Good ones, y'all!  A lot of variety too!

I dutifully attempted to capture a bird image this week.  I pointed my camera at several and even mushed the shutter release a time or three, but just didn't feel like I got anything worth sharing (that may change tomorrow, but not likely to change today).

As I was packing my camera gear for a photo opportunity (aka fishing trip) tomorrow,  I decided to get a "bird" picture for this week's challenge.  As we've done so often in the challenges before, I looked for a "different" definition of bird.

We had a Carolina wren nest in a Philodendron by our front door.  One of the eggs did not hatch when the rest hatched about 2 months ago.  I've meant to photograph that egg for 2 months now, and this challenge finally motivated me to do it.  

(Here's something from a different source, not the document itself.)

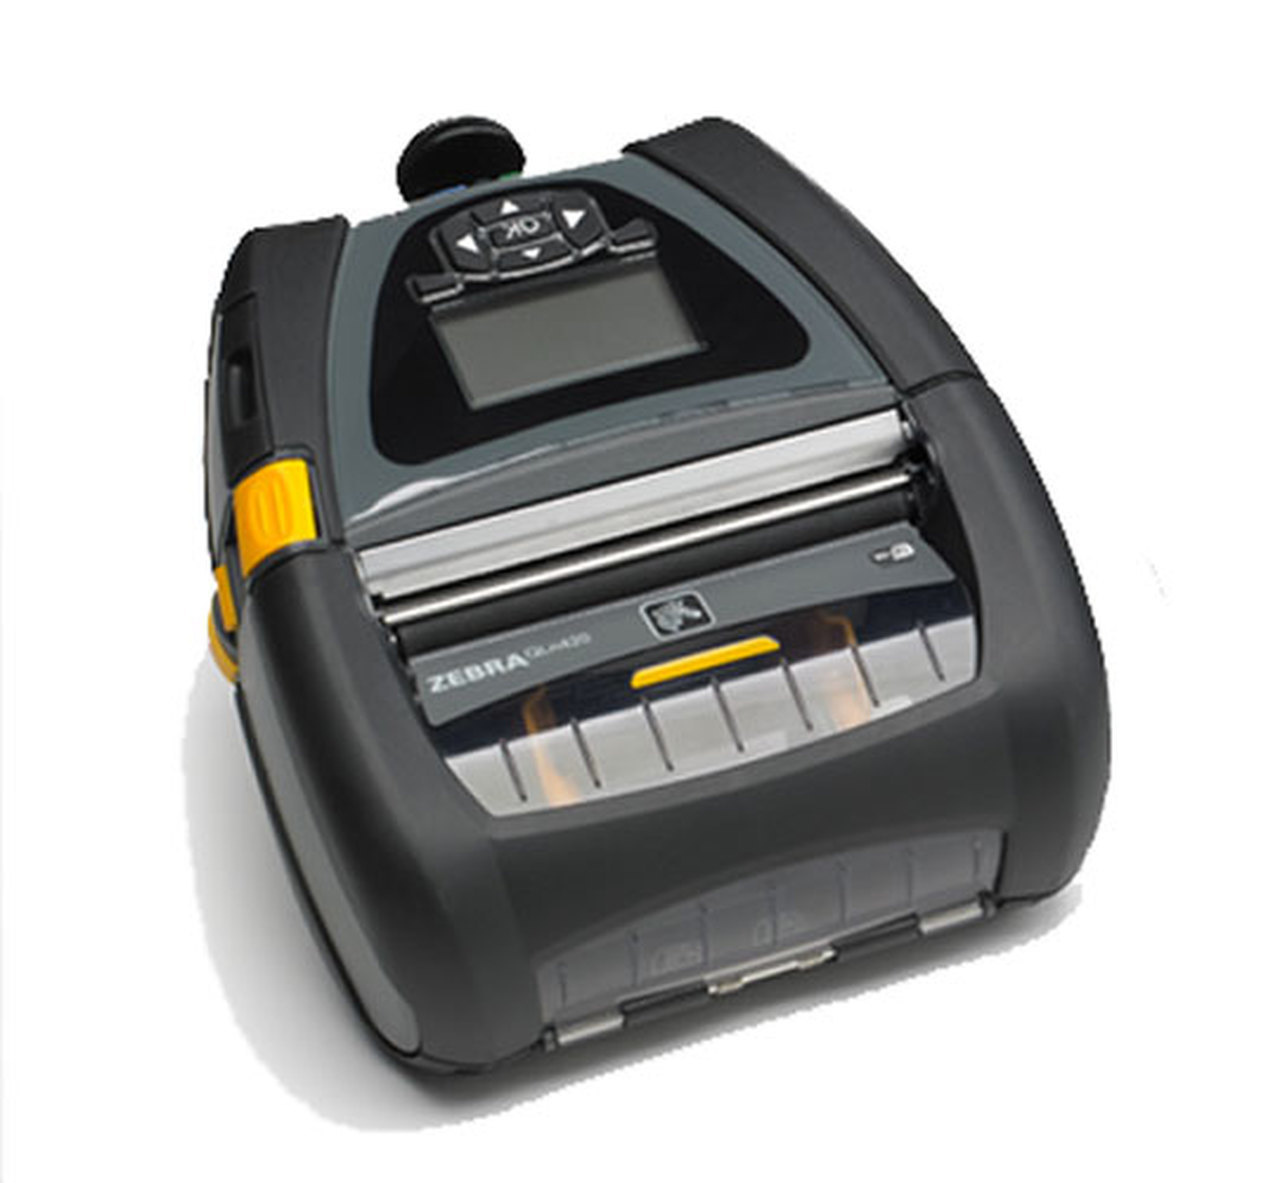 Zebra QLN420 Portable Printers

Photographing the egg _in situ _didn't really work, so I removed it from the nest and put it on an off-white sheet of drawing paper that I borrowed from Little Critter (who kind of a medium-sized critter now...).

I upended a 5-gallon bucket on a wagon in the door of the garage & propped that off-white paper up with a closed-face reel that needs mounting on a rod (but that's another story) so that the paper had a nice, gentle curve.  Sitting just inside the garage, I had a nice, soft even light with the main light coming from my right.

Then I put the egg on the paper and put my camera on a tripod.  I shot it several ways, natural light, full-strength flash, etc.

I ended up liking it best when I used my flash (with the built-diffuser out and the built-in bounce card up) as the main light off-camera to the left.

Nikon D300s, Lester A. Dine 105 mm, f/8, 1/350th second, ISO 200, f/16, flash off-camera to the left with diffuser & reflector as main light at - 1/3, tripod, slight crop, a piece of stuck moss or hair photoshopped off the top.


----------



## LOVEMYLABXS (Jul 25, 2015)

rip18 said:


> Good ones, y'all!  A lot of variety too!
> 
> I dutifully attempted to capture a bird image this week.  I pointed my camera at several and even mushed the shutter release a time or three, but just didn't feel like I got anything worth sharing (that may change tomorrow, but not likely to change today).
> 
> ...




Well rip that's what I'd call thinking out of the NEST  nice job.


----------



## wvdawg (Jul 25, 2015)

Great interpretation and a wonderful set up and shot.  Thanks Rip!


----------



## wvdawg (Jul 26, 2015)

Pretty good challenge start - still time to take a shot on the first week's theme - BIRD - and get it posted in this thread.  Any theme photo taken last Sunday thru today 7/26 meets the challenge requirements. Thanks all.  Look for week #2 theme today!


----------